• _EXERCISE AIM_
All entries are to be printed again exactly, with their images omitted.

**** EXERCISE MATERIALS

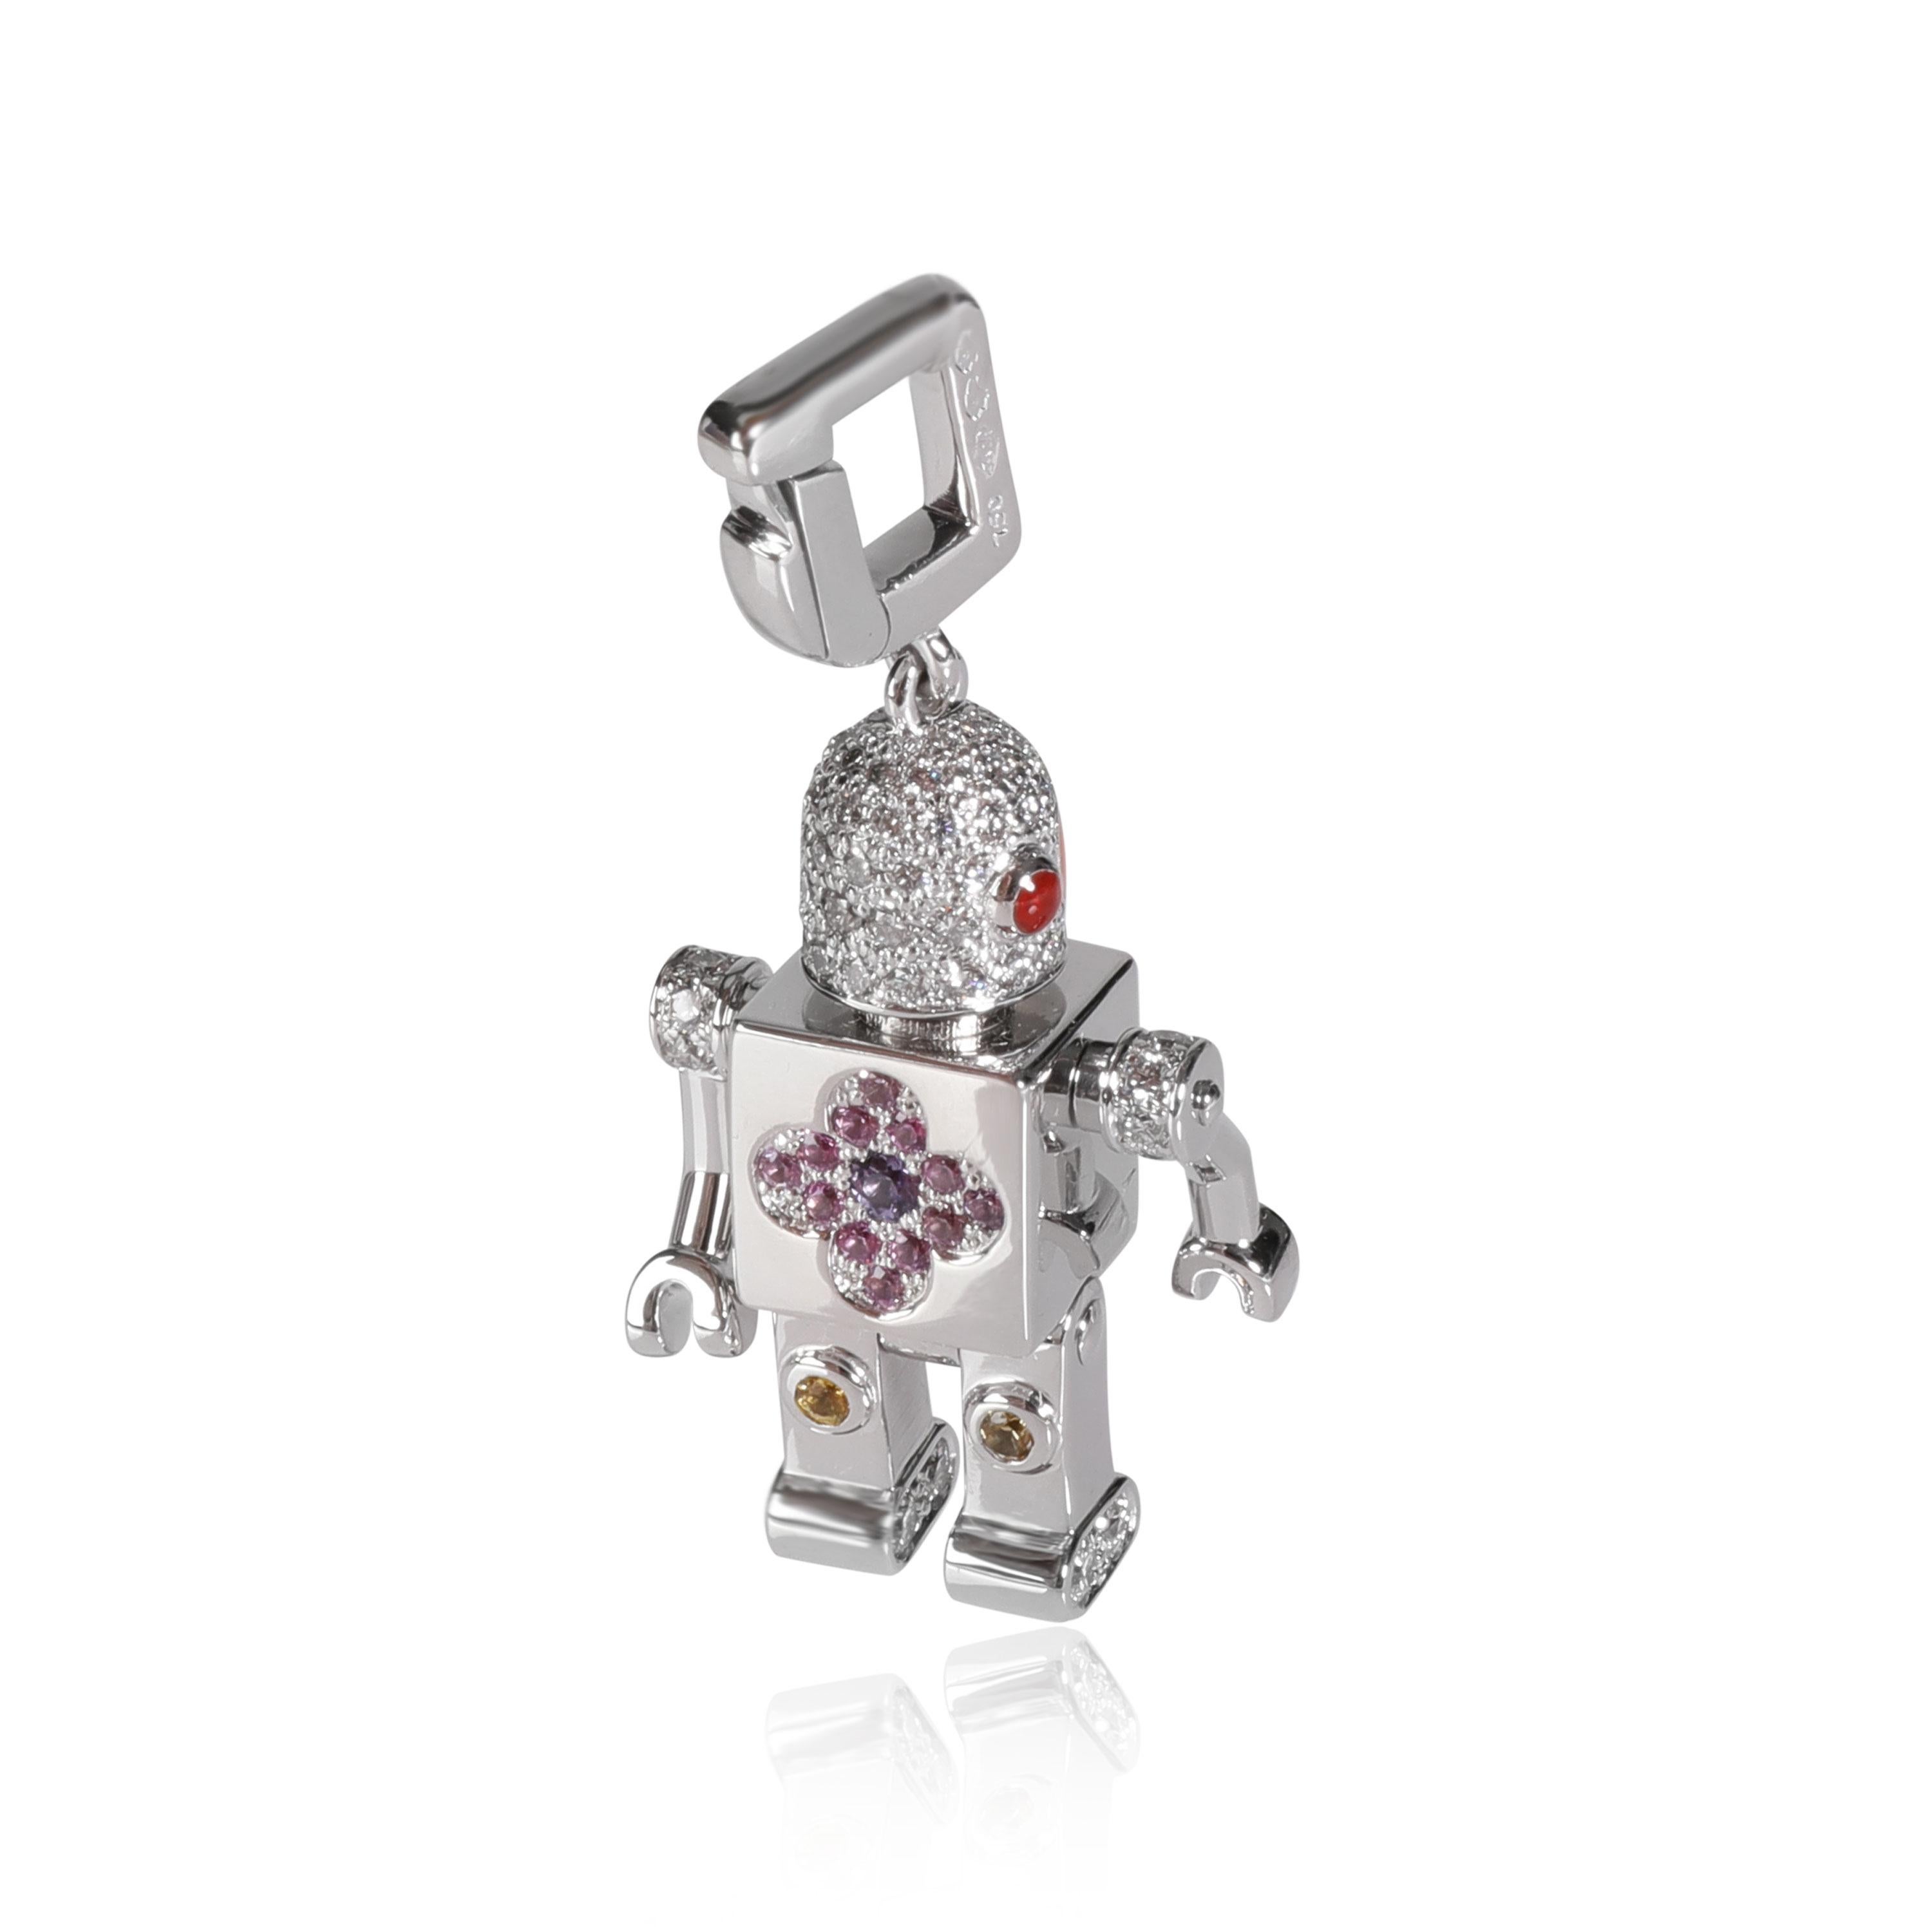 Louis Vuitton Spaceman Sapphire Diamond Charms in 18K White Gold 1.35 CTW

PRIMARY DETAILS
SKU: 114660
Listing Title: Louis Vuitton Spaceman Sapphire Diamond Charms in 18K White Gold 1.35 CTW
Condition Description: Retails for 17,900 USD. In

********

• _WRITTEN RESPONSE_
 Louis Vuitton Spaceman Sapphire Diamond Charms in 18K White Gold 1.35 CTW

PRIMARY DETAILS
SKU: 114660
Listing Title: Louis Vuitton Spaceman Sapphire Diamond Charms in 18K White Gold 1.35 CTW
Condition Description: Retails for 17,900 USD. In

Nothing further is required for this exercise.